Assignment >> Locate the line containing "Patio Restaurant Branding", then please write out that line and all the lines below it in the entries exactly.

Given records >>
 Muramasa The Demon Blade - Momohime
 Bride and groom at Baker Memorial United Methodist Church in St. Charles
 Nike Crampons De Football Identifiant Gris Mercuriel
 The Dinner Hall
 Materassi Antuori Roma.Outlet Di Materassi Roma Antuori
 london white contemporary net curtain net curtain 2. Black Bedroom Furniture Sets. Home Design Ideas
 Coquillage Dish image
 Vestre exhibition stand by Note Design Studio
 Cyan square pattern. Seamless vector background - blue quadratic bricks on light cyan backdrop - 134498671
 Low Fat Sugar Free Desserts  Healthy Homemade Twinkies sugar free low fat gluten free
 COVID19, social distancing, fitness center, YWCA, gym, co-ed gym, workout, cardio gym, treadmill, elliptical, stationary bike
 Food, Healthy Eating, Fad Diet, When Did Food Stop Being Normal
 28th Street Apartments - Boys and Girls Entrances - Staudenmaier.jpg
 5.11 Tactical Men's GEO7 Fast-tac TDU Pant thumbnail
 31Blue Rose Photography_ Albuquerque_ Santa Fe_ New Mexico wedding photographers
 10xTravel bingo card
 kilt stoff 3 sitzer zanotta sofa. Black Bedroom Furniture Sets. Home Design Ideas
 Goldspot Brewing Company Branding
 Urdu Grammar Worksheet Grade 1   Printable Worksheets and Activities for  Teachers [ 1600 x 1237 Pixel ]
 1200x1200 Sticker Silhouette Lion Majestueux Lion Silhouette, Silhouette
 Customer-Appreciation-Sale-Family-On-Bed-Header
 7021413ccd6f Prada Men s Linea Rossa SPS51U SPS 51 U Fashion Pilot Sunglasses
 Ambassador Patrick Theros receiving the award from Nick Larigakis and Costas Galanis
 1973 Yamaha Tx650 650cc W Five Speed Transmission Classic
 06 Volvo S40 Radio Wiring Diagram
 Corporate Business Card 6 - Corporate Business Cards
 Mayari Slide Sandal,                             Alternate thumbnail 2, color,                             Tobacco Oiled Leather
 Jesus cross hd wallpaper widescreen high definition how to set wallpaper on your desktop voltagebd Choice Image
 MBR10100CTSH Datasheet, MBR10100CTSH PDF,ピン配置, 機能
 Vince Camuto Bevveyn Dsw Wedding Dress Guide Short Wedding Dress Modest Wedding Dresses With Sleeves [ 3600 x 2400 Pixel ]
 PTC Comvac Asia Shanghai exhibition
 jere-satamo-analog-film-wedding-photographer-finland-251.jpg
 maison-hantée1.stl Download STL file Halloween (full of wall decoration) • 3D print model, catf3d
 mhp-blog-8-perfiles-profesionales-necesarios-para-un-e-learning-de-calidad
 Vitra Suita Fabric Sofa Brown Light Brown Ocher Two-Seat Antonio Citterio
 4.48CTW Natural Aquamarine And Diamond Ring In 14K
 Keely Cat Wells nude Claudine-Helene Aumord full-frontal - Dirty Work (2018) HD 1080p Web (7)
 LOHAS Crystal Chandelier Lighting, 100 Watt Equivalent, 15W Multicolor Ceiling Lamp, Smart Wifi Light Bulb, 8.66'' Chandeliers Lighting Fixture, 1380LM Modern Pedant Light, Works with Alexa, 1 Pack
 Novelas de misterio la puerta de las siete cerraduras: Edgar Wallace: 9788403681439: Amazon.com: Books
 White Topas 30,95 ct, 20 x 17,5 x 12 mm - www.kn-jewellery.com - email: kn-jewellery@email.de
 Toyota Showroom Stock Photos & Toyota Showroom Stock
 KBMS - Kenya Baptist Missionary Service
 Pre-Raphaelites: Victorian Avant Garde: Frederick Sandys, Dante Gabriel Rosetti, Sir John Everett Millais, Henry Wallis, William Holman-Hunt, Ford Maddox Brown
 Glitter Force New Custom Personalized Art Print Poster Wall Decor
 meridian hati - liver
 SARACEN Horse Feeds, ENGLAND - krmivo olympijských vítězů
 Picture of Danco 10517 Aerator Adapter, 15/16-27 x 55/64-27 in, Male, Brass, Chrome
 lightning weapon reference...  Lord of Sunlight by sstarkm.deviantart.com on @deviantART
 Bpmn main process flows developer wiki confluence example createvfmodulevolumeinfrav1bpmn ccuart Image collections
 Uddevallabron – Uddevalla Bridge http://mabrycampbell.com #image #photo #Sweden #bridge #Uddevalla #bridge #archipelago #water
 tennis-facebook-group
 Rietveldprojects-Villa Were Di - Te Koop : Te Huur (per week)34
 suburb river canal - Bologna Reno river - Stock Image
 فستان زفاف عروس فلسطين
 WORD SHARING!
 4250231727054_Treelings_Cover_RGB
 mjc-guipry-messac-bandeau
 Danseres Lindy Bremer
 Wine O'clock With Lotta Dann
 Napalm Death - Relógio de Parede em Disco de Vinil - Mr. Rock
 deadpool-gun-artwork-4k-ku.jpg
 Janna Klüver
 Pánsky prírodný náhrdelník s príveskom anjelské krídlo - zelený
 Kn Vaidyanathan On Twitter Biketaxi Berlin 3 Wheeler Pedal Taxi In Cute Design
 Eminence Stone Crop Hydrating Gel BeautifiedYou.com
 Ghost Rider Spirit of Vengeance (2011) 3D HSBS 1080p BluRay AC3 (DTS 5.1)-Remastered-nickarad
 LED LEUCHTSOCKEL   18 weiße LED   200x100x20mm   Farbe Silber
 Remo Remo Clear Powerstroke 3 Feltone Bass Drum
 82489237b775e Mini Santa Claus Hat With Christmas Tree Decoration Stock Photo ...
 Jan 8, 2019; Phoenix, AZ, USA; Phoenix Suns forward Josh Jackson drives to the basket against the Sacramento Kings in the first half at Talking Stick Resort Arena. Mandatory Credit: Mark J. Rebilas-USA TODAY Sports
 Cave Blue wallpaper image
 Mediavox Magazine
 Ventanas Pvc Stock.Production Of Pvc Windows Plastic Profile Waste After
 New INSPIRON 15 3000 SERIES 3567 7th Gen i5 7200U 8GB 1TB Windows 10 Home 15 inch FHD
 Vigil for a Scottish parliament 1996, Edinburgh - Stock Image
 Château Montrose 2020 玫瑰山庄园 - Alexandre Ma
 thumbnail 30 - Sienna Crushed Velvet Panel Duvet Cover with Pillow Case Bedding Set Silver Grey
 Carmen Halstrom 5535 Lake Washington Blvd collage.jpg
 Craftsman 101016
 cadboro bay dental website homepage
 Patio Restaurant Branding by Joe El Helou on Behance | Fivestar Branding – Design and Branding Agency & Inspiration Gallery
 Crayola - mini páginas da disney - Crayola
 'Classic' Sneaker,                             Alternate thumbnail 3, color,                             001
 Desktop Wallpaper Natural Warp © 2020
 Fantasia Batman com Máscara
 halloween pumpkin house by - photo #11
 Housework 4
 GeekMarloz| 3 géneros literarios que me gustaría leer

Result >>
 Patio Restaurant Branding by Joe El Helou on Behance | Fivestar Branding – Design and Branding Agency & Inspiration Gallery
 Crayola - mini páginas da disney - Crayola
 'Classic' Sneaker,                             Alternate thumbnail 3, color,                             001
 Desktop Wallpaper Natural Warp © 2020
 Fantasia Batman com Máscara
 halloween pumpkin house by - photo #11
 Housework 4
 GeekMarloz| 3 géneros literarios que me gustaría leer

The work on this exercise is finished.